Author's Note: I don't own Star Wars, I don't write professionally for Star Wars, this is just a hobby, blah blah blah. The story you're about to begin is set some time after the Darth Bane series, but long before anything else. Consider it an AU in which Darth Bane died in the thought bomb blast on Ruusan, along with most of the other Jedi and Sith there. If you like this story, PLEASE review, or I probably won't write anymore on it - I have plenty of other writing to occupy my time with :D


Chapter 1

The boots of the exiled one stepped heavily, as though a great weight were crushing him into the dry ground. The clumped reddish dust of Korriban was already littered with enough bones, the remains of once-great men and women now bleached white by the unforgiving sun. He had no intention of joining their number … not today.

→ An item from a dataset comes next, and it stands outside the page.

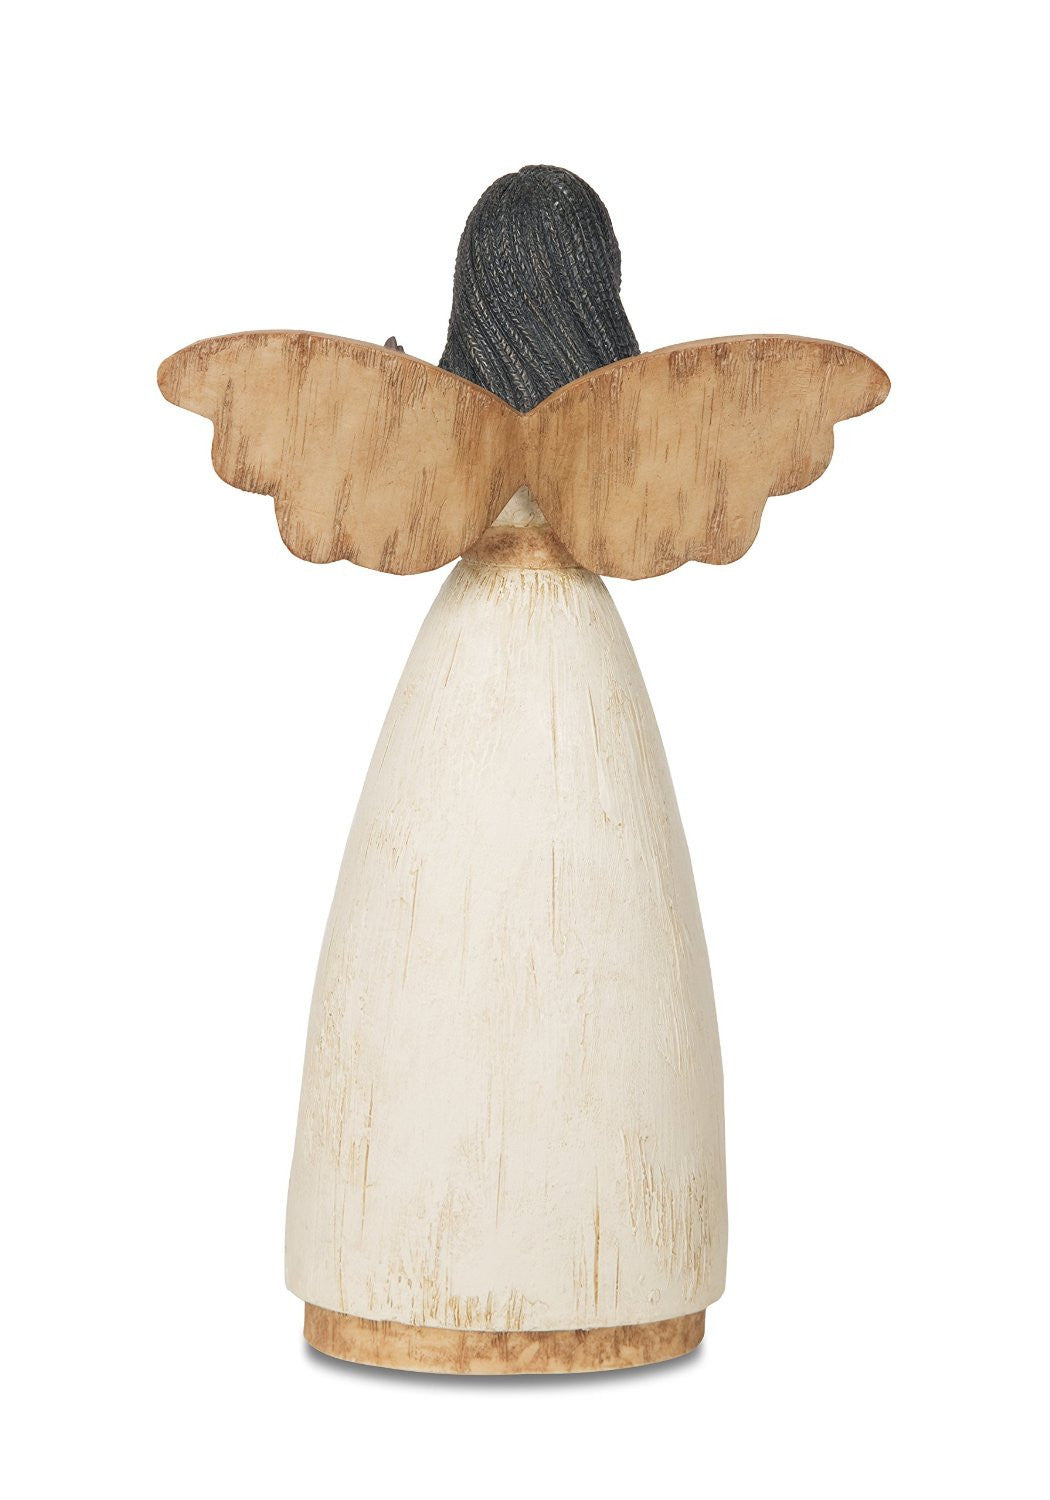 African American Mother Angel Figurine with Hearts: Simple Spirits Collection by Pavilion Gifts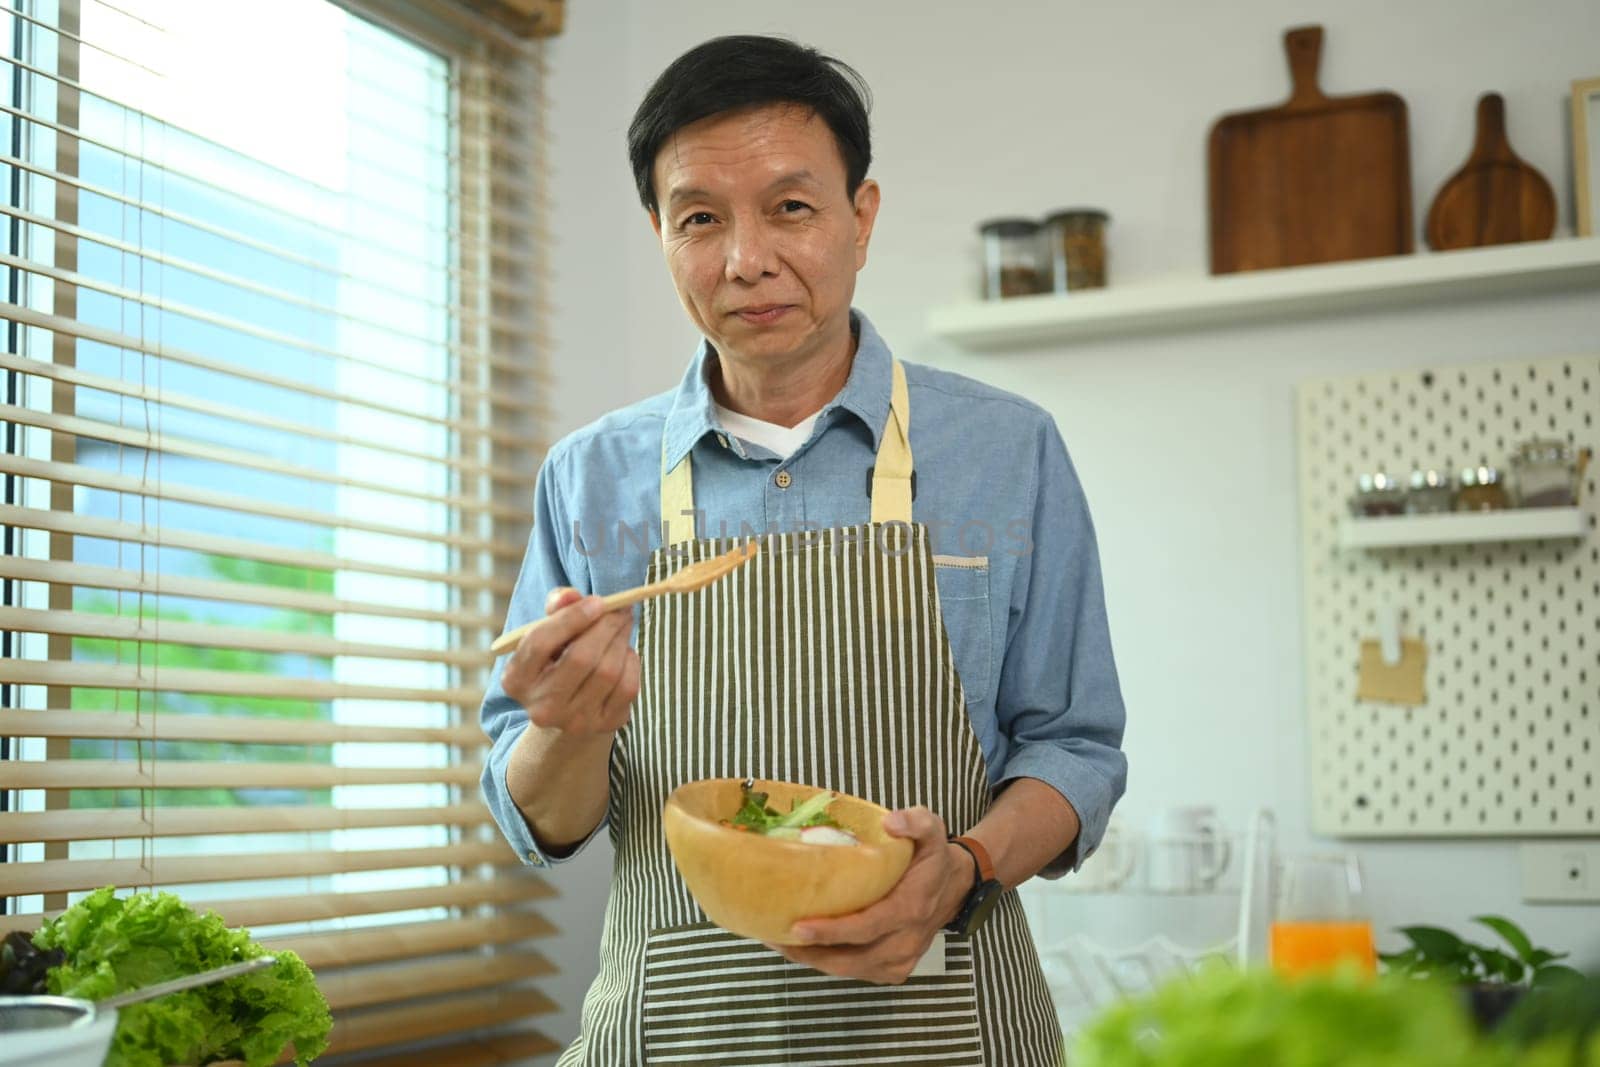 Happy Asian senior man eating healthy vegetable salad in kitchen. Healthy lifestyle, dieting and nutrition concept. by prathanchorruangsak

All around him, raw heat pounded the collapsing stones of the temple relentlessly. It was hardly untouched by time, but its walls stood far better than many new Korriban structured. He found himself unsurprised its Sith construction had withstood the forces of nature for so long; neither wind nor sun, sandstorms nor marauding Jedi nor tuk'ata tribes, could topple the Force-sealed stone of what was once a Sith academy.

No, he corrected himself, not just an academy. The Sith academy. Korriban had been the foremost training center of the Brotherhood of Darkness for millennia; it was where the best and most promising students learned at the feet of the Brotherhood's most powerful masters. It was where the next generation of Sith Lords was born.

The exiled one trudged on, small puffs of dust rising up around his feet as he entered the long shadow cast by the crumbling temple. He wasn't entirely sure what his purpose here was; clearly anything of value in this valley had been taken years earlier by the hated, thieving Jedi. And yet he had felt a call here, a subtle attraction that could be nothing other than the will of the dark side.

The great doors leading into the academy had been split cleanly, as though the great hand of a god had carelessly cleaved them in two. Irreverently, the exiled one stepped through the wide crack, walking with bold indifference into the mostly intact entrance chamber beyond.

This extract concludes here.